The executive director of PREPA, Ricardo L. Ramos, referred a petition for an interview to the FAFAA.
Meanwhile, the president of the Governing Board of the public company, Luis Benítez, limited himself to congratulating the governor and his team, “because our north has always been to improve the agreements.”
He added that the changes announced yesterday were possible “thanks” to the new Puerto Rico Oversight, Management, and Economic Stability Act (PROMESA), which provides additional negotiation tools.
Sources of El Nuevo Día close to the transaction highlighted as an “achievement” that the new terms of the RSA were agreed –albeit preliminarily– before May 1, when the stay on litigations associated with Puerto Rico’s deb expires, according to that provided for in PROMESA. Had it not been that way, PREPA would have been exposed to collection suits and, ultimately, in the OB invoking Tittle III of PROMESA, which establishes a territorial bankruptcy procedure.
“Postpone the Blow”
In the opinion of economist Vicente Feliciano, what the announcement made yesterday does is to “postpone the blow” to the pockets of consumers, because the life of PREPA’s debt was extended but its reduction remained unchanged with respect to the original agreement.
“If no change was made to the reduction or the interest rate, what the agreement does is to postpone payments. The blow is not being lessened,” said Feliciano.

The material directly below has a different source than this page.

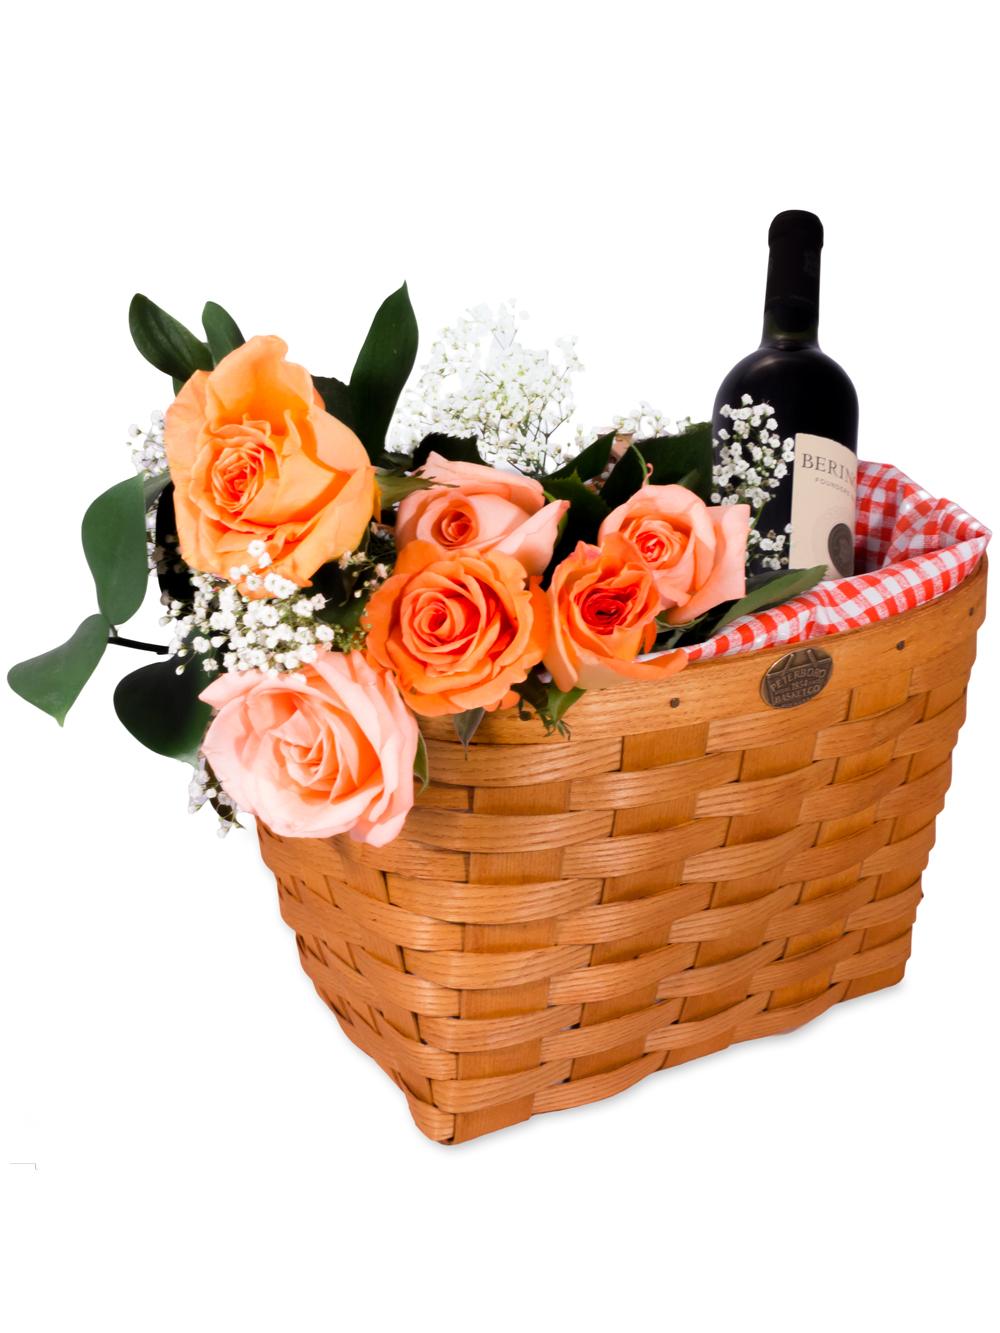 bike-basket-with-wine.jpg

In agreement with him was Tomás Torres, coordinator of the Puerto Rico Institutefor Competitiveness and Sustainable Economy (ICSE), who said that “postponing payments brings no relief, it solves nothing.” He insisted on the reduction of the debt being “much bigger,” for rates to go down and for there to be economic growth.
Feliciano and Torres denounced, also, that the Government has not been sufficiently transparent in revealing the new terms of the RSA. Both reacted only on the information given in a press release, as no other official document was made available.